André Malvezin, décembre 2020

Si l’on veut observer l’évolution de la violence dans la construction des sociétés humaines, les exemples ne manquent pas. Il en est un bien connu et relativement récent : la création des Etats-Unis d’Amérique, des premiers conflits entre les tribus amérindiennes et les nouveaux arrivants en provenance d’Europe (1), jusqu’à la relégation, à la fin du 19ème siècle, des dernières tribus rebelles dans des réserves, après ce qu’on peut appeler un génocide. Passons sur la guerre d’Indépendance, l’esclavage des noirs, la guerre civile dite « de Sécession », une succession de violences majeures.
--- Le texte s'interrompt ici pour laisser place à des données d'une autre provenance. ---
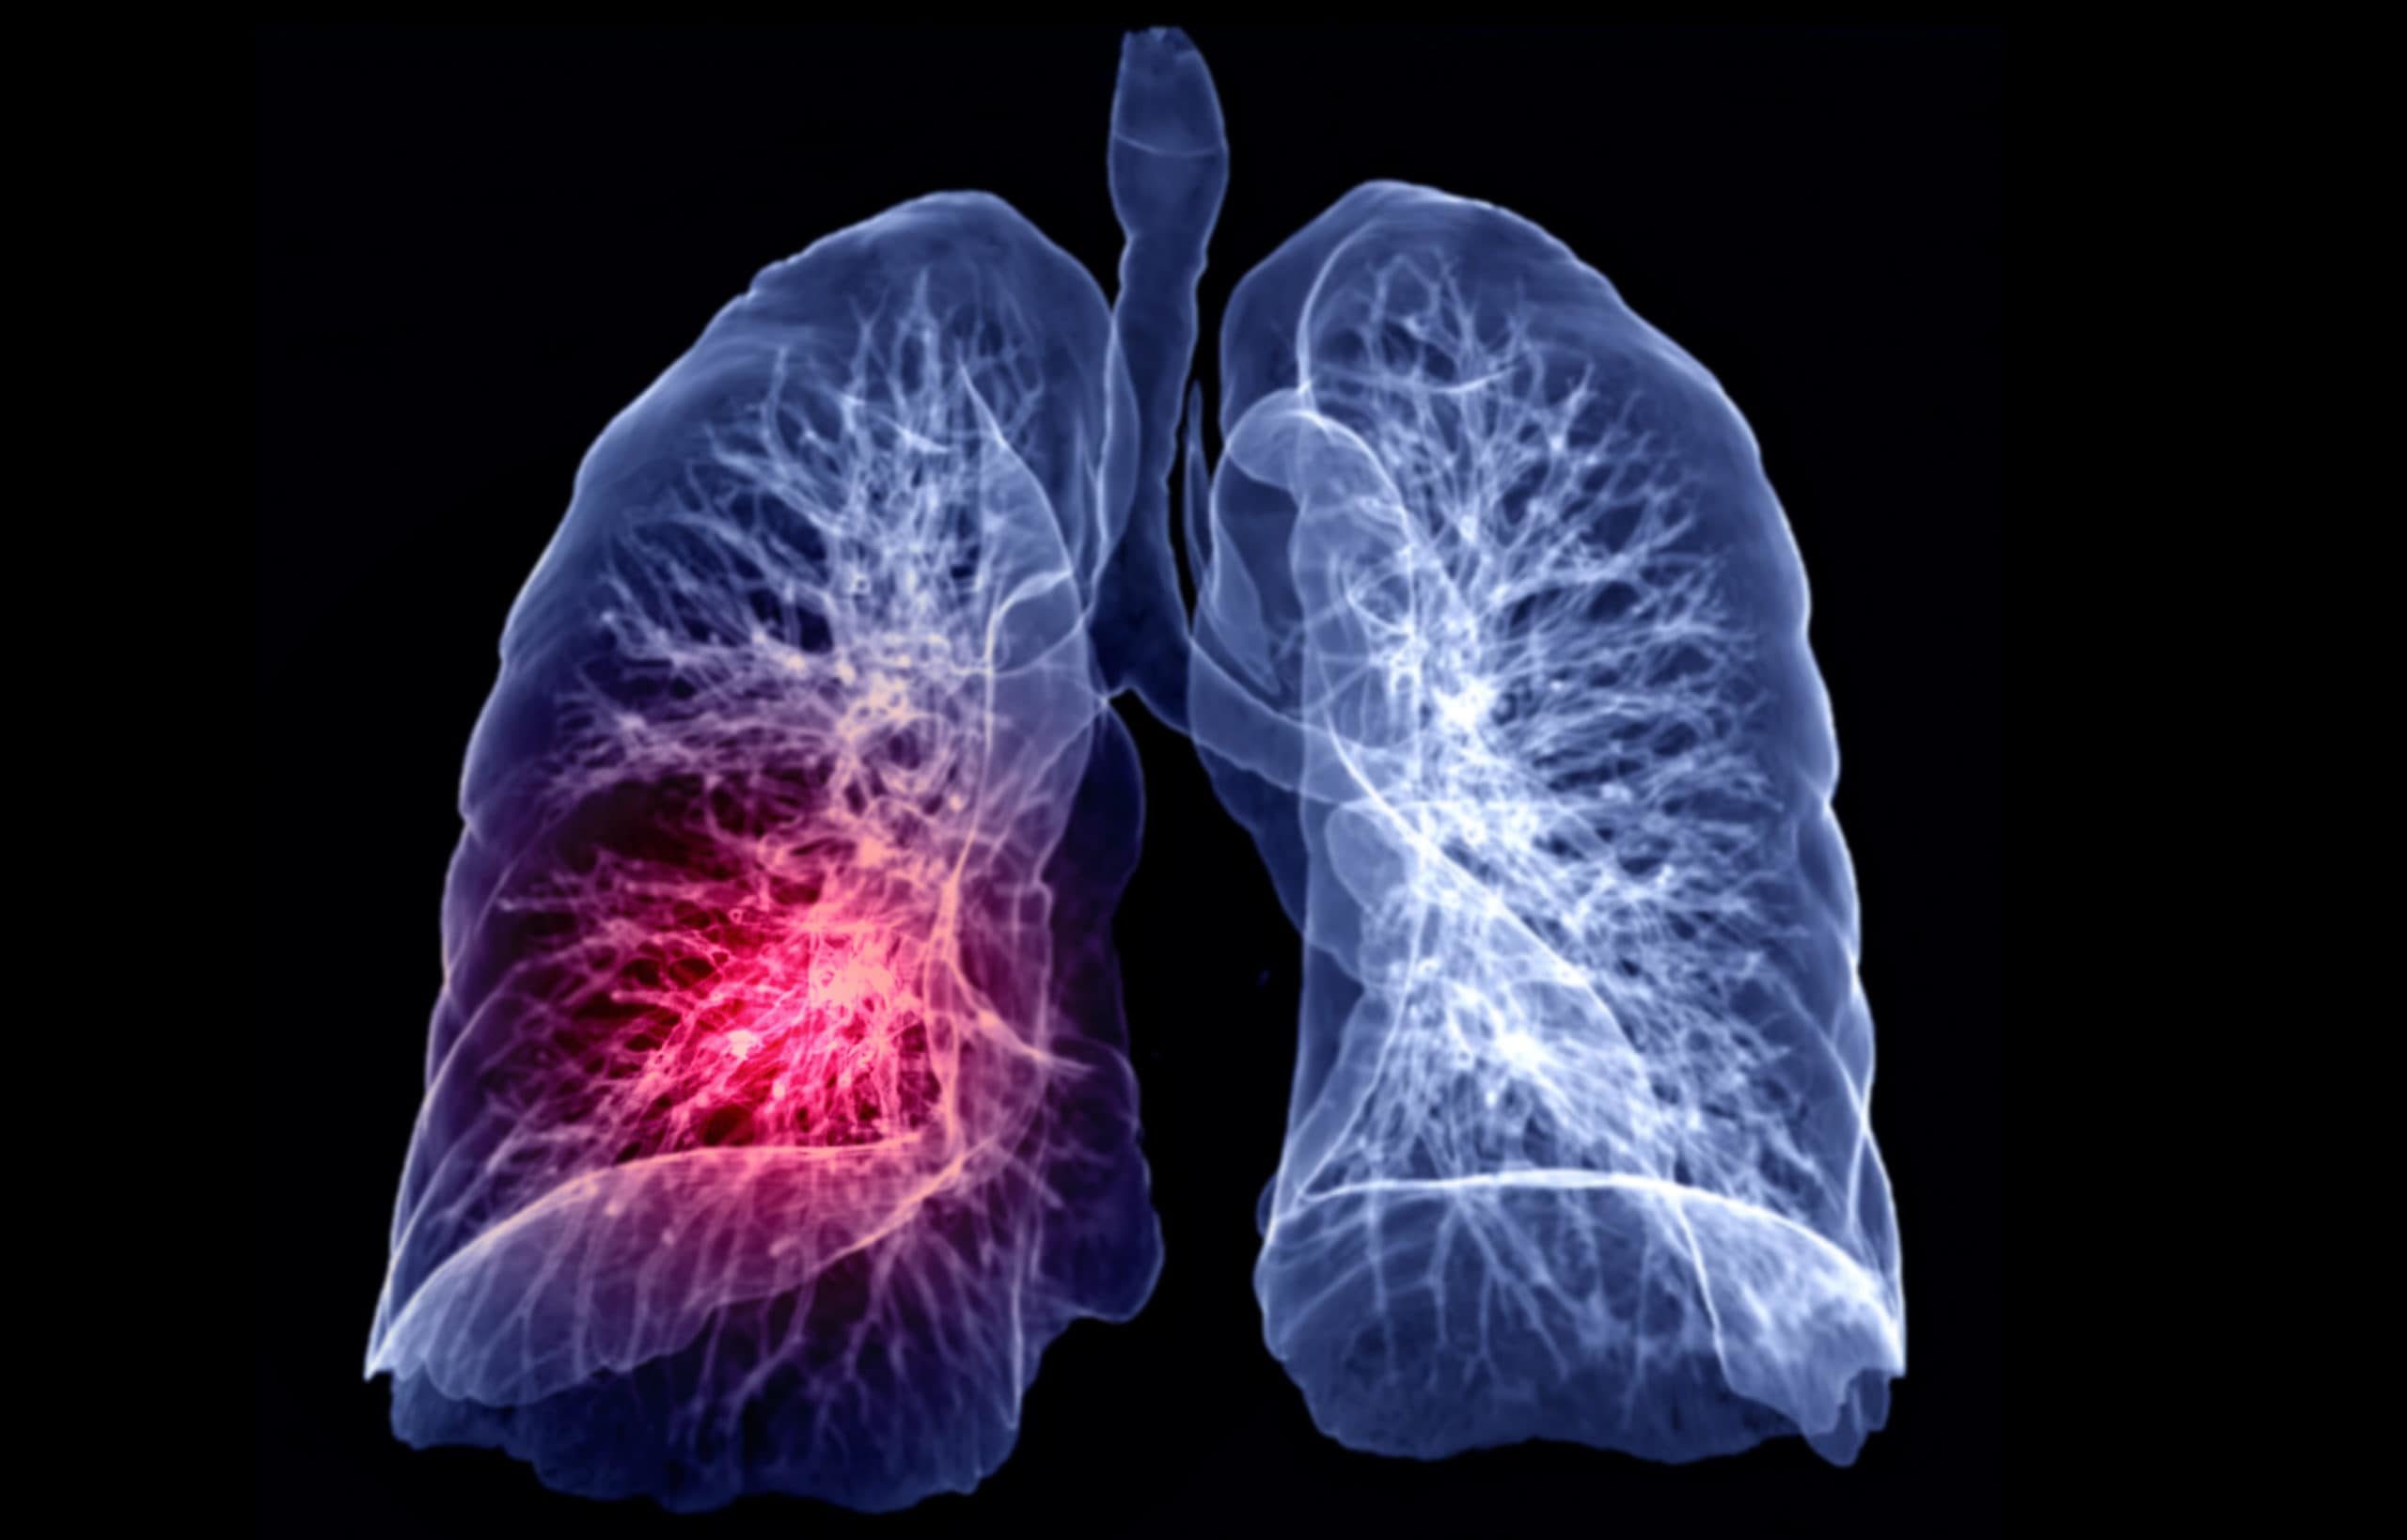 RadNet’s UK Lung Cancer Screening Acquisition

Ce qu’on appelle la « Conquête de l’Ouest » commence avec la ruée vers l’or en Californie en 1849 et continue en 1862 avec la colonisation des Grandes Plaines et la création de villes en un temps record, qui voient prospérer la criminalité et les structures pour la contenir. C’est surtout cette époque que décrivent la plupart des « westerns », genre cinématographique caractérisé par sa violence. L’intérêt de ces films ne se résume pas aux immenses troupeaux de bovins et de leurs garçons vachers (cow boys) aux chevauchées épiques. Il réside dans le témoignage de la création d’un pays, des différents Etats qui le composent et des villes naissantes. Ce sont de véritables documentaires (je précise que je parle là des westerns américains « classiques », de John Ford et compagnie, et non des westerns « spaghetti » qui n’en sont que la caricature et la dégénérescence). Le western américain, en général, est moins simpliste qu’on pourrait le croire et présente des situations souvent cornéliennes (conflits de devoirs et d’intérêts) et des personnages complexes (les héros ont fréquemment des failles intimes, des drames cachés). Ces subtilités apparaissent dans l’action et sont rarement verbalisées, contrairement au cinéma européen, français surtout (2), c’est pourquoi nous avons parfois du mal à les voir.